But there was an asterisk to the news that Mr. Moreira might be held accountable for how he spent the torrent of borrowed money that flowed into his state, Coahuila. He was arrested last Friday at the international airport in Madrid, not in Mexico, and it was the Spanish police who succeeded in building a case against him after Mexico’s attorney general said there was no evidence to charge him.

In Mexico, the news was greeted with a mixture of approval and shame. Although diminished by disgrace, Mr. Moreira had remained untouchable, a political ally of President Enrique Peña Nieto who had helped build Mr. Peña Nieto’s 2012 candidacy.

His arrest in Spain only served to underscore the weakness of Mexico’s institutions when it comes to confronting corruption among the political class.

“Moreira is the prototype and synonym of corruption in Mexico,” Juan E. Pardinas, director of the Mexican Institute for Competitiveness, said on Tuesday. “He is also the prototype of impunity.
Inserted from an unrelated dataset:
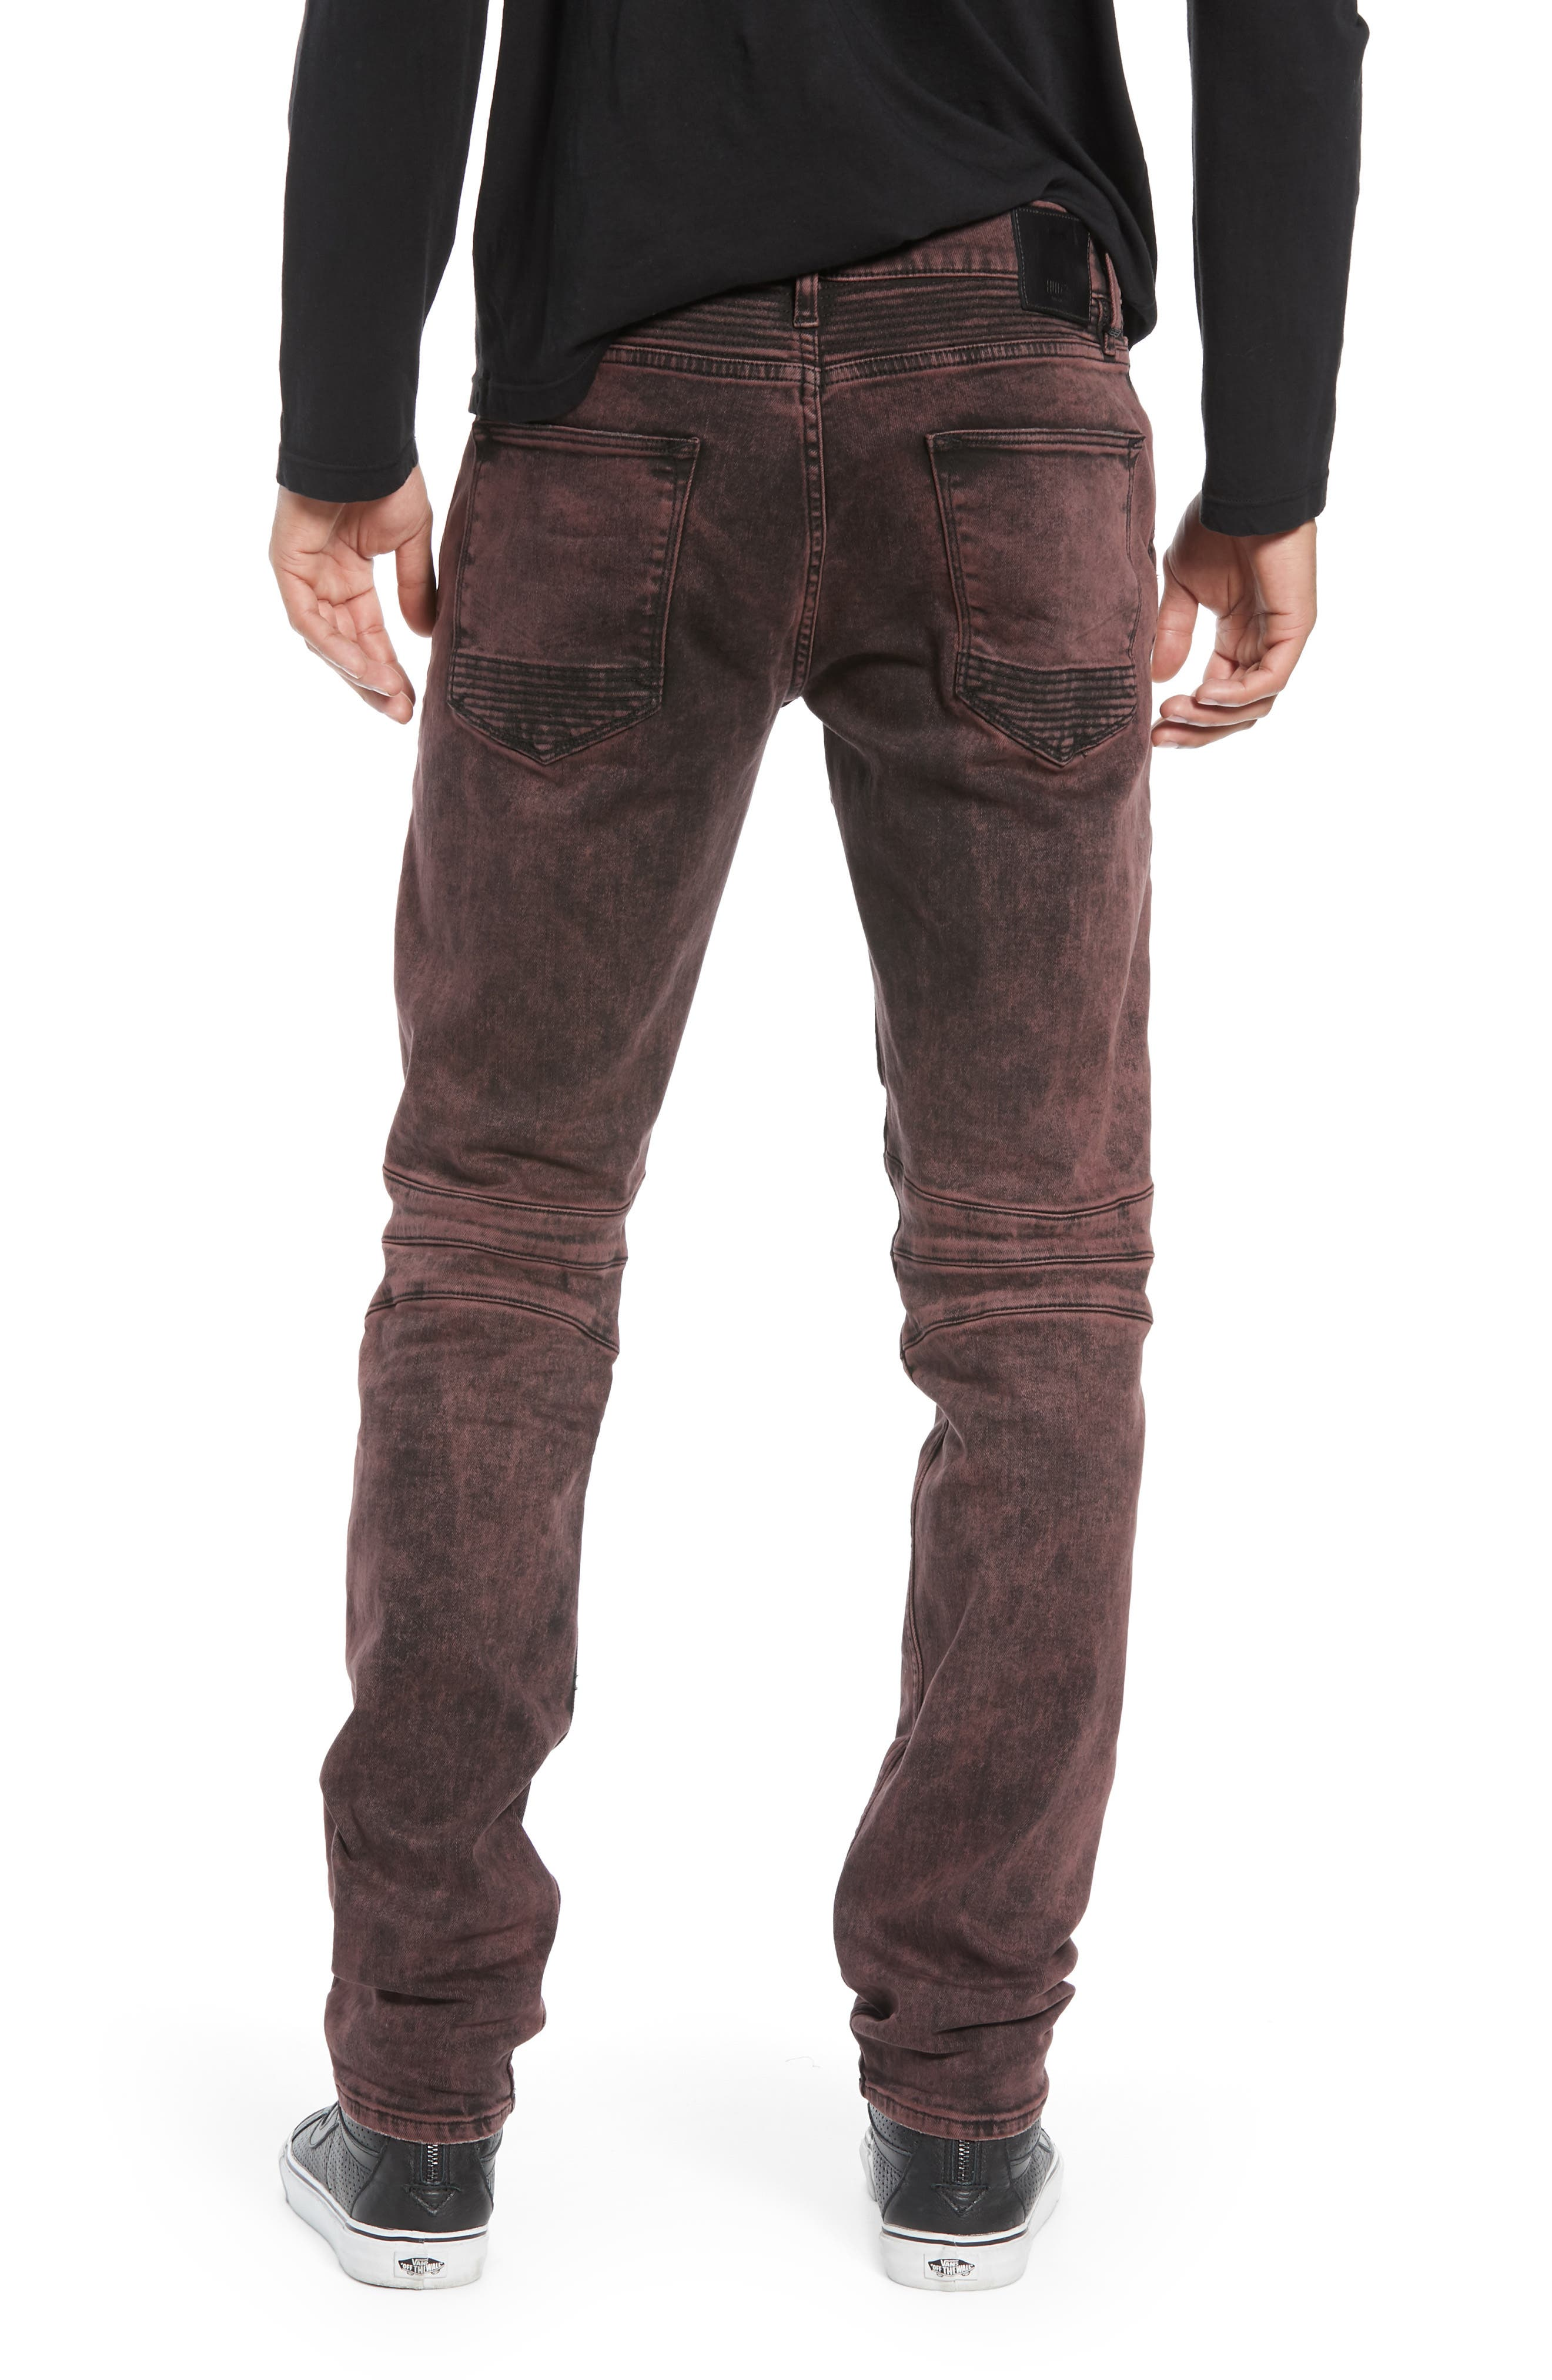 HUDSON JEANS, Blinder Biker Skinny Fit Jeans, Alternate thumbnail 2, color, FADED OX BLOOD

One of the big challenges is to build a rule of law and to transform the rule of impunity so the 13th- or 14th-largest economy in the world doesn’t have to outsource to other countries the prosecution of these prototypes.”
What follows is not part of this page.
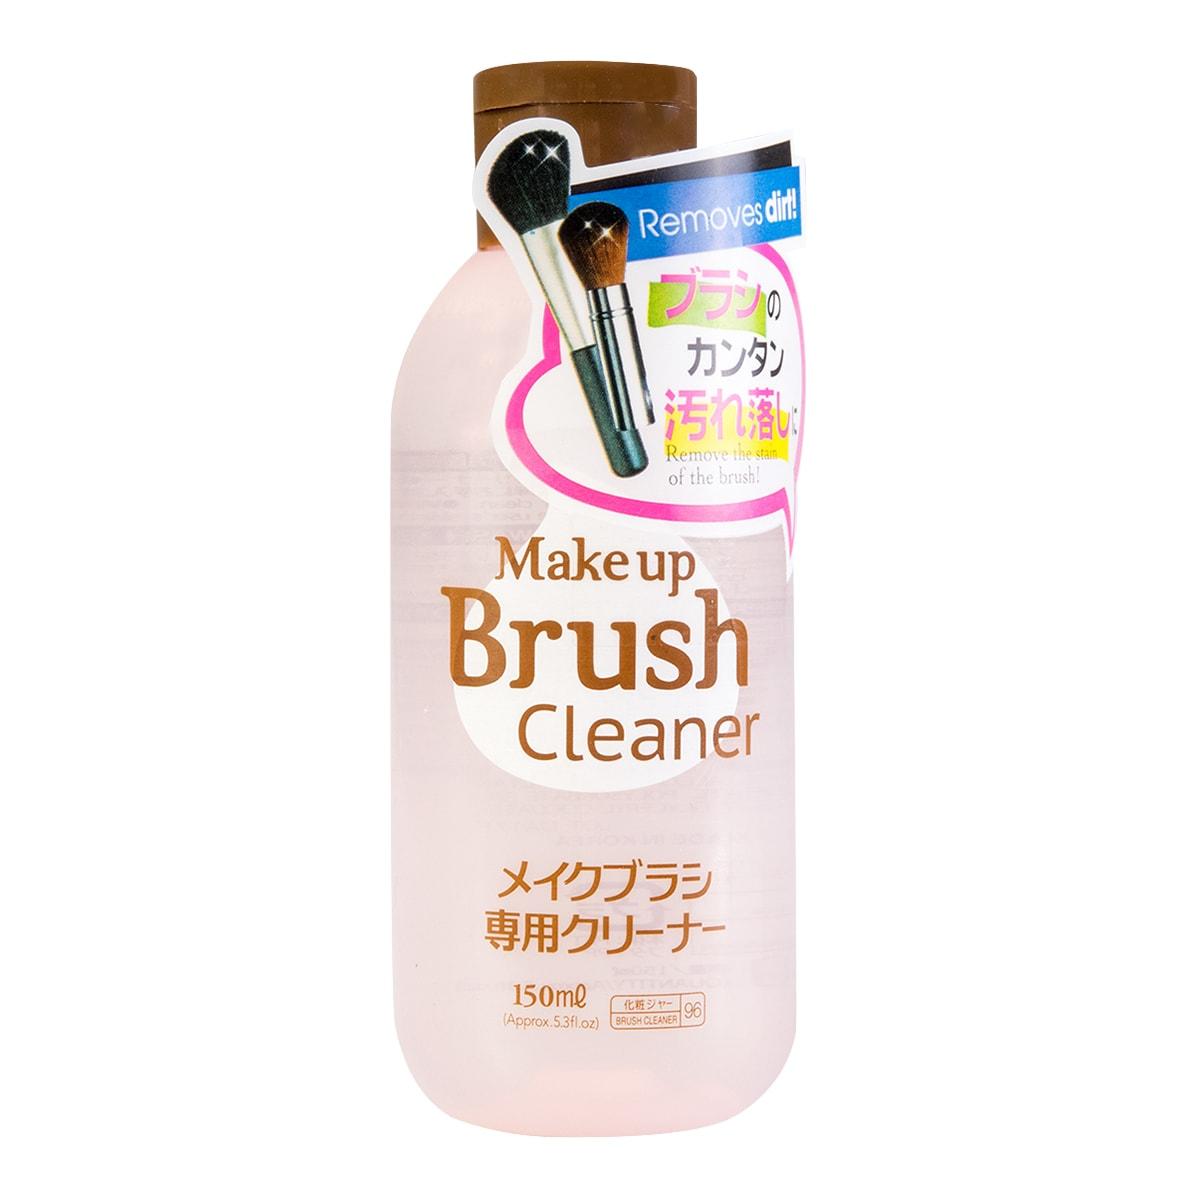 日本DAISO大创 化妆刷专用清洗剂 150ml

Mr. Moreira, 49, faces a hearing in Spain’s National Court on Friday before the judge in charge of the investigation, Santiago Pedraz, who is expected to decide whether to release him from jail to await trial.

The timing of Mr. Moreira’s arrest came as a surprise to the Mexican government, which was still enjoying the glow cast by its successful hunt for Joaquín Guzmán Loera, the drug kingpin who was captured on Jan. 8.

Whether intentionally or not, the Spanish National Police’s announcement of Mr. Moreira’s arrest on Twitter seemed to taunt Mr. Peña Nieto. The announcement concluded, “#missionaccomplished,” the same phrase the Mexican president had proudly used to break the news of Mr. Guzmán’s arrest.

The prospect of a long trial in Spain that opens up Mr. Moreira’s finances to scrutiny could refocus public attention here on official corruption, an issue that has dogged the government since scandals in late 2014 over luxury homes that Mr. Peña Nieto’s wife and finance minister bought from a government contractor.

Spanish prosecutors say that Mr. Moreira opened at least three bank accounts in Spain that received transfers of almost 200,000 euros, or $217,000, from two Mexican companies. Along with records of the transfers, the evidence against Mr. Moreira includes police wiretaps, according to court documents.

At the first hearing after his arrest, Mr. Moreira said that the businesses were his and that the money had gone toward living expenses, court records show. Mr. Moreira rented an upscale property in 2013 in a suburb of Barcelona while studying for a master’s degree there.

Until then, Mr. Moreira had spent his career in government. In 2005, when he became governor of Coahuila, on the Texas border, he embarked on ambitious spending programs. They were unsustainable, said Javier Garza, a journalist in Torreón, a city in Coahuila, but “they contributed to creating a network of political patronage.”

Mr. Moreira left office to become the president of the Institutional Revolutionary Party early in 2011, uniting the party, known as the P.R.I., behind Mr. Peña Nieto as its presidential candidate.

Coahuila borrowed most heavily in 2010, a year when more than a third of Mexico’s states elected new governors. “The next year, he was elected president of the P.R.I.,” Mr. Garza said. “He was the only candidate. He didn’t get there without support.”

After the Mexican Finance Ministry reported that Coahuila’s debt had risen to $2.6 billion under Mr. Moreira’s tenure, he resigned as head of the party at the end of 2011.

Although the state hid the debt until after Mr. Moreira left office and evidence emerged that documents had been falsified to show approval from the Coahuila State Congress for the loans, prosecutors cleared Mr. Moreira just before Mr. Peña Nieto took office.

In Texas, though, federal prosecutors found that some of the funds had made it across the border. Two men who had each served as Mr. Moreira’s finance secretary in Coahuila were charged with money laundering and other crimes in November 2013 by the United States attorney’s office in Houston. One, Héctor Javier Villarreal Hernández, pleaded guilty the next year to money laundering.

In June, the United States attorney’s office in San Antonio unsealed a plea-bargain agreement with a Coahuila businessman, Rolando González Treviño. He said that he had sold a stake in a chain of local radio stations to Mr. Moreira for $1.84 million and that the money had been wired to accounts in Texas. The plea agreement alleged that a co-conspirator, referred to as CC1, who was the governor of Coahuila had stolen “hundreds of millions” of dollars from the state.

Kent A. Schaffer, Mr. Moreira’s lawyer in Houston, said this week that those allegations were false. “These are people who in large part, to extricate themselves from their own legal problems, claim to be working at the behest of the governor,” he said. The charges in Spain, he added, had come as a surprise.